We've been trying to gain more visibility into our data and see where problems are arising, without building out a full DQ/monitoring solution. It's been really easy to find issues and work to address them with MonteCarlo. There's less guessing where the error is, and in most cases, it is alerting us that table X hasn't been refreshed, or a lot of rows were deleted from table Y etc.


    Yoav K.

Great product, great service!

  • February 24, 2021
  • Review provided by G2

What do you like best about the product?
Monte Carlo is super easy to implement and use, it's basically a "plug & play" product which doesn't require almost any set up from the client's side.
The product itself is great and really helped us address some serious data reliability / observability pain points in our data pipelines.
Their service is great, they are super responsive, always willing to hear new ideas and answer questions in no-time.
What do you dislike about the product?
Nothing I can think of, it's really a great product!
What problems is the product solving and how is that benefiting you?
We use MC mainly for 2 things:
1) Detecting anomalies in out data pipelines.
2) Getting better visibility into our data lineage (which fields/tables are connected to which dashboards).

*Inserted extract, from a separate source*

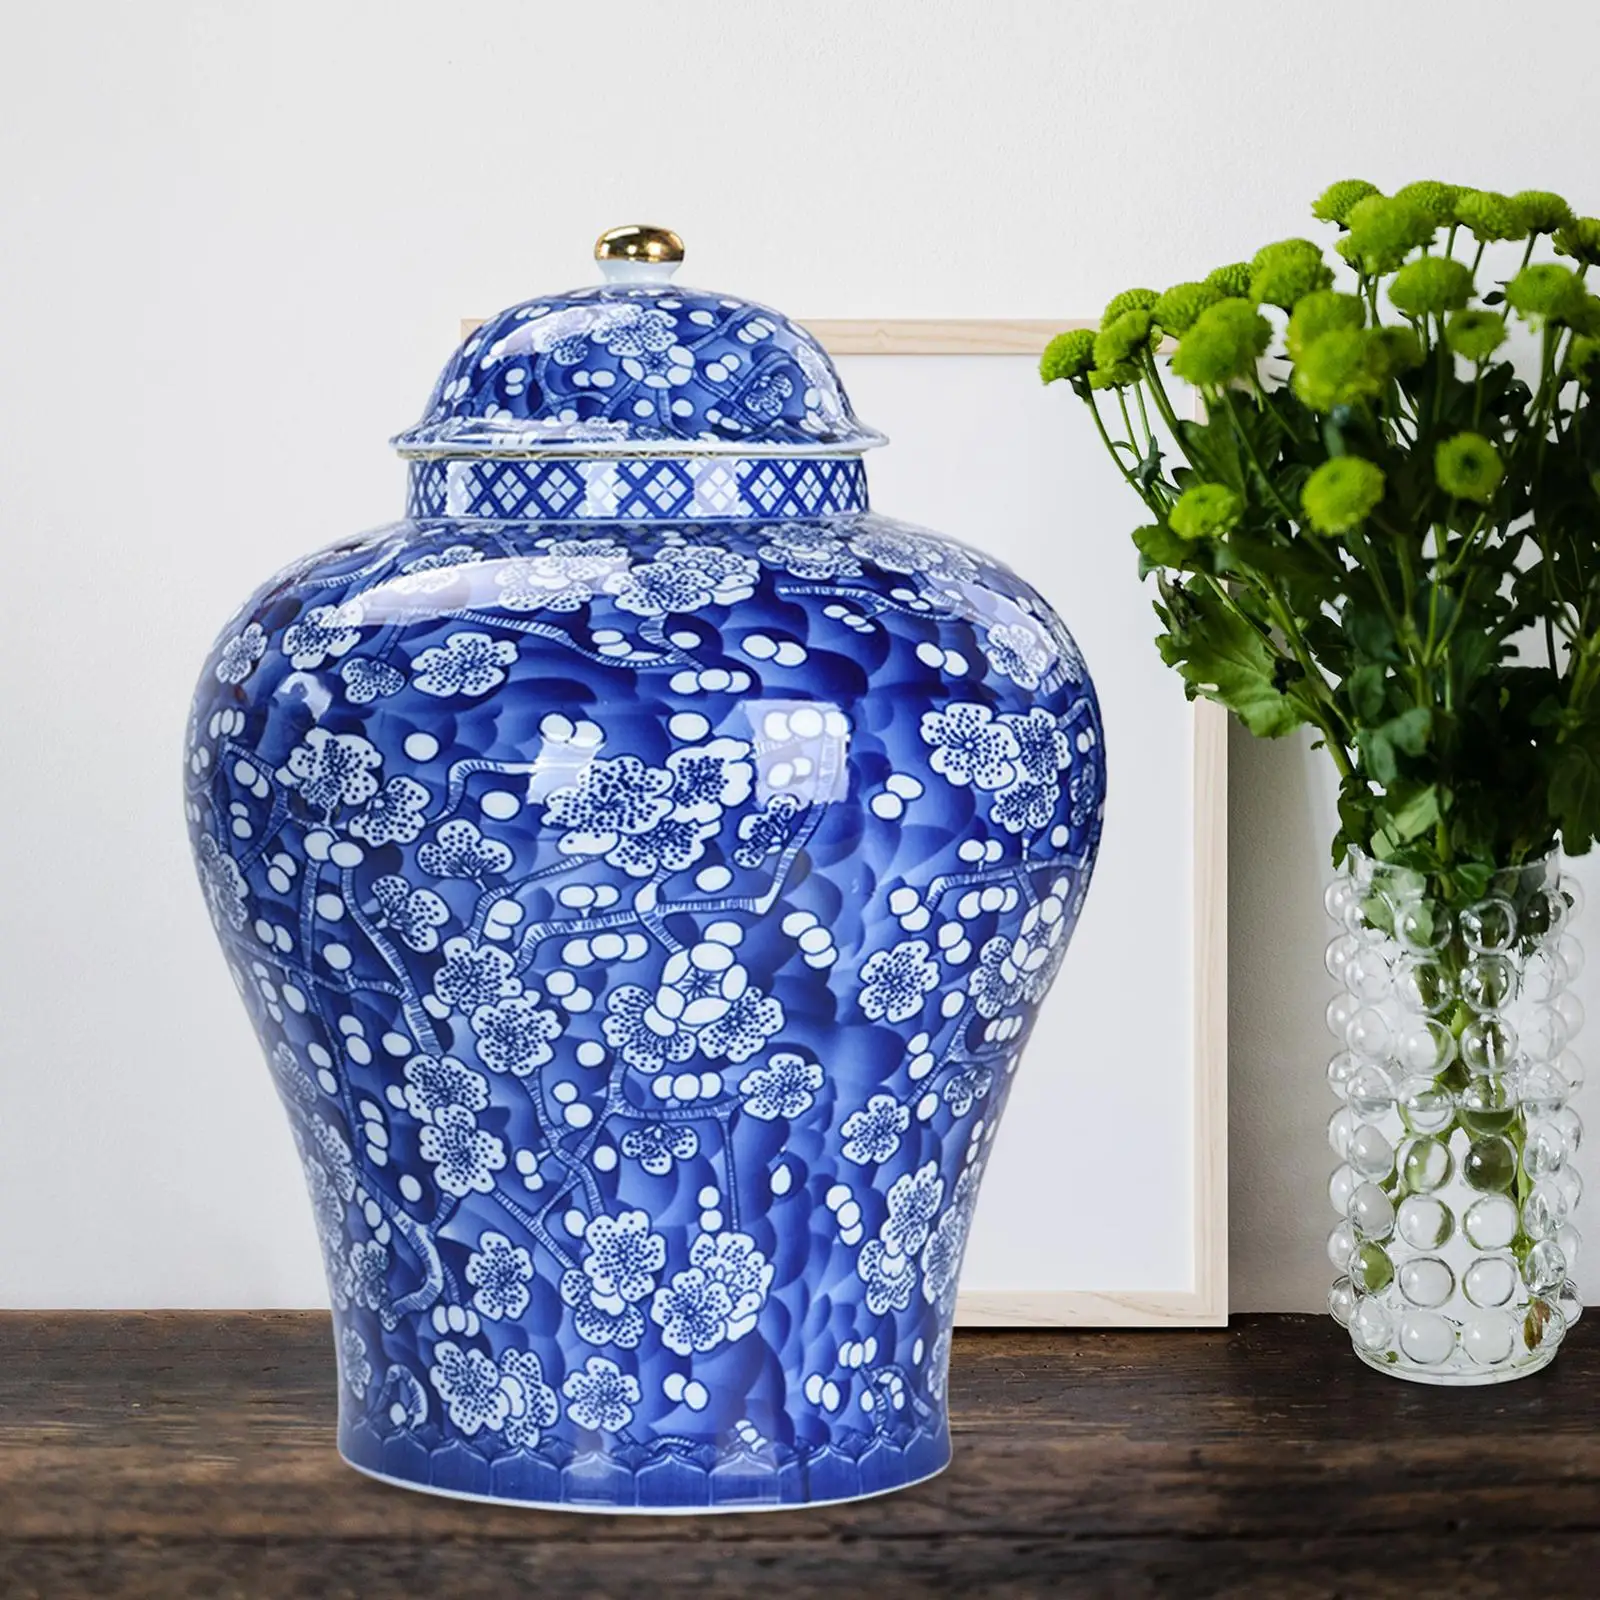 Mandarin Plum Porcelain Vase, Ginger Jar Temple Jar Blue and  Your  Decorative Classical Home  Piece Glazed

With MC we managed to address both needs in one tool.


    Daniel R.

MC is a must have for every Data Engineer

  • February 22, 2021
  • Review provided by G2

What do you like best about the product?
MC gives me the ability to know at any time the status of my data, freshness, connectivity and anomalies. I catch issues much faster than before, and have better tools to understand it and fix it better and faster!
What do you dislike about the product?
The UI can use some upgrades... for example, edit options, the links between different pages, loading time, and design.
What problems is the product solving and how is that benefiting you?
Data freshness, recreating ETLs in a responsible way, alerting on most valuable tables issues.


    Lior S.

A true data observability shield

  • February 20, 2021
  • Review provided by G2

What do you like best about the product?
I enjoy the fact we don't need to proactively set up monitors for each new table or important metric in our data warehouse. Monte Carlo by default tracks all your tables in your data warehouse.
What do you dislike about the product?
Nothing much, I think there is still room for improvement as to how to distribute the alerts and to gather feedback from your data consumers at the org.
What problems is the product solving and how is that benefiting you?
It helps us distribute the responsibilities and accountability for data observability in the org. As the business grows with its data usage and consumption allocating the observability to one data engineering group is almost impossible, some of the data issues bear for a business context, using Monte Carlo we can make sure data changes are immediately identified and shared with the data publisher and consumers across the org.
Recommendations to others considering the product:
I would recommend you build some sort of an agreement with the teams that will be helping to track the different alerts triggered by MC. It will help you get the context needed to distinguish between a false alert to something that should be investigated.
I.e. a document breaking down which schema/table should be firing alerts to the right email distribution or slack channel.